Я дала Орлику прочесть последние записи. Он в целом одобрил, только сказал, что «донесение» Прохорова не следовало заносить в дневник.

— И вообще, этот Прохоров…

— Что?

— Да ну его! — отозвался Орлик. — Не до него…»

К чести Кати надо сказать: она проницательно уловила странные нотки у Орлика, он словно был встревожен и что-то утаивал.

«Какая-то у него неприятность, — думала Катя. — Ну ладно, — решила она. — На Орлика не следует слишком наседать, выпытывать — не таков он, не старайся лучше. А придет время — сам все начистоту откроет».

Кое-что из рассказа Орлика о том, что он пережил, Катя все же записала:

«Да! Вот что любопытно. Запишу.

Поглядывая на Орлика и стараясь представить себе, что же он переживал в те минуты, когда после разрыва снаряда упал с коня и без сознания лежал на поле боя, я в ходе разговора спросила:

— А помнишь, Саша, о чем думал Андрей Болконский, когда лежал раненный на поле под Аустерлицем?

— Это который Андрей?

— Из романа «Война и мир» Толстого. Ты не читал, наверно? Ой, прости…

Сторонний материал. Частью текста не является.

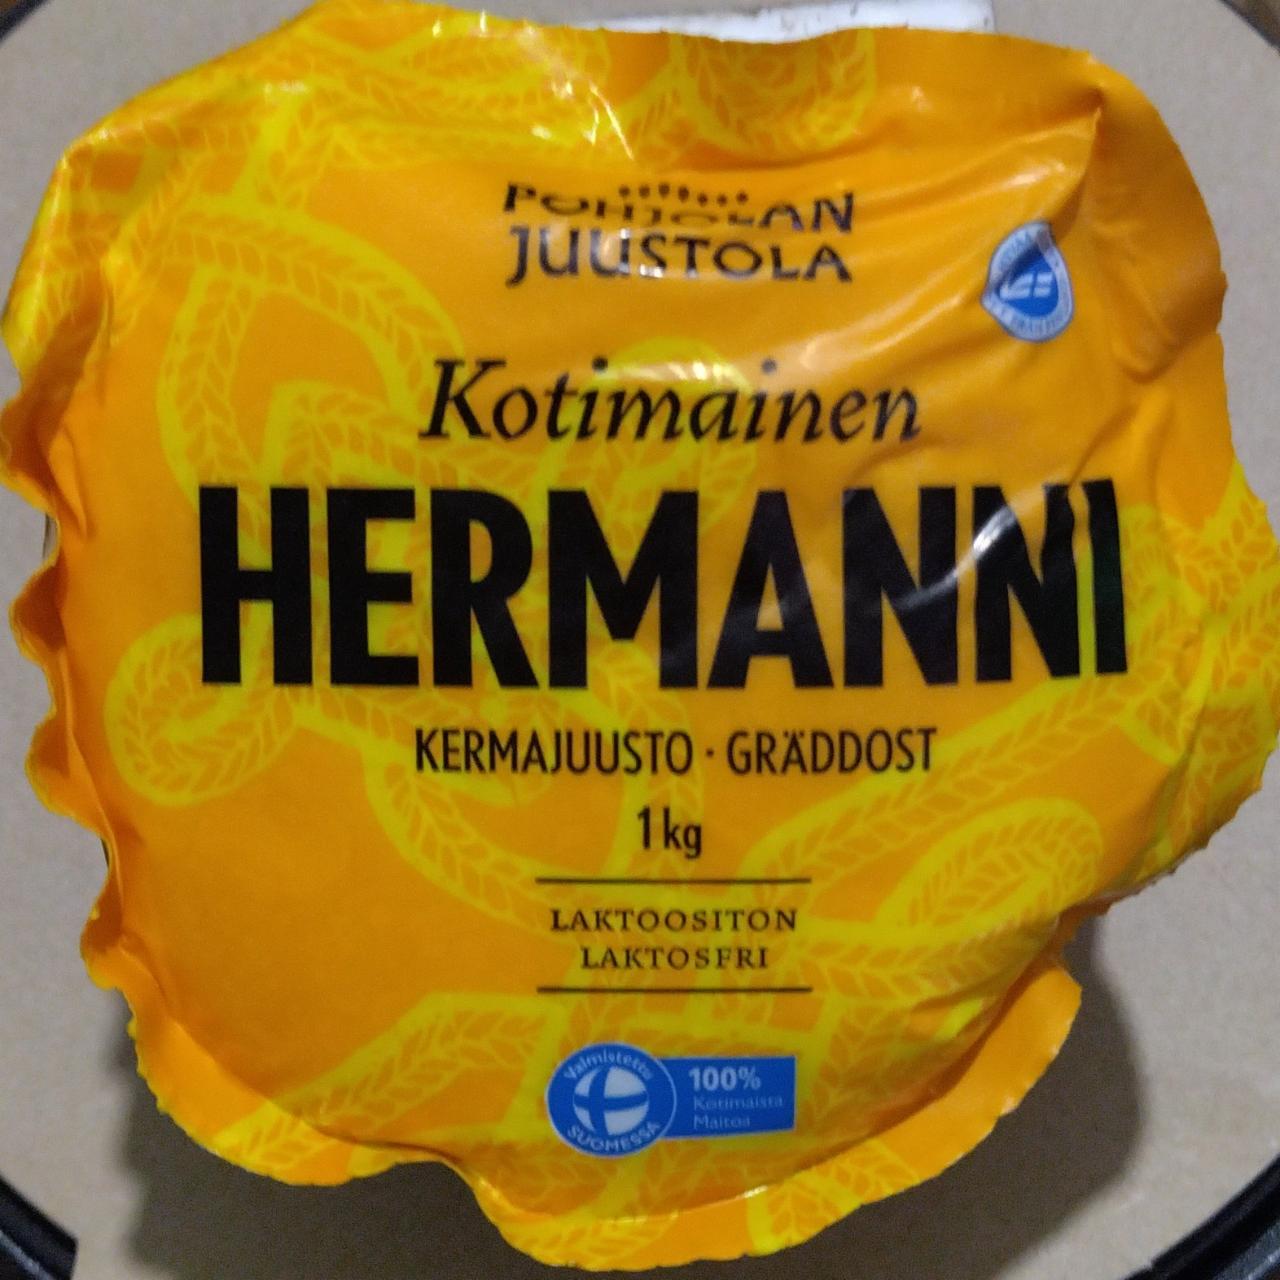 Фото - Сыр безлактозный Kotimainen Hermanni Pohjolan Juustola

Орлика задело: как так он Толстого не читал? Читал, читал… «Войну и мир» тоже держал в руках, толстая очень книга. А о пристрастии Орлика к чтению я знала: при таком трудном детстве он поразительно много книг проглотил. Это было у него каким-то, я бы сказала, чисто природным влечением.

Но одно дело — я, с ранних лет слышавшая дома разговоры о Пушкине, Толстом, Чехове, Горьком, другое дело — Саша Дударь, выросший в безграмотной рыбацкой семье. Я уже понимала, что зря затеяла разговор о переживаниях князя Андрея, но Орлик уцепился и не отставал: а что? Что я имела в виду?

— Ничего, ничего, — стала я успокаивать Орлика. — В «Войне и мире», если помнишь, князь Андрей лежит на поле боя, как вроде ты лежал, и смотрит в небо… Ну, и дальше у Толстого знаменитое место — о небе, о главном в жизни…

— Так как же ты говоришь «ничего, ничего», — все не унимался Орлик. — Если это знаменитое место, то расскажи, поделись, чтобы и я знал.

Я пообещала как-нибудь при случае достать «Войну и мир» и показать ему то место.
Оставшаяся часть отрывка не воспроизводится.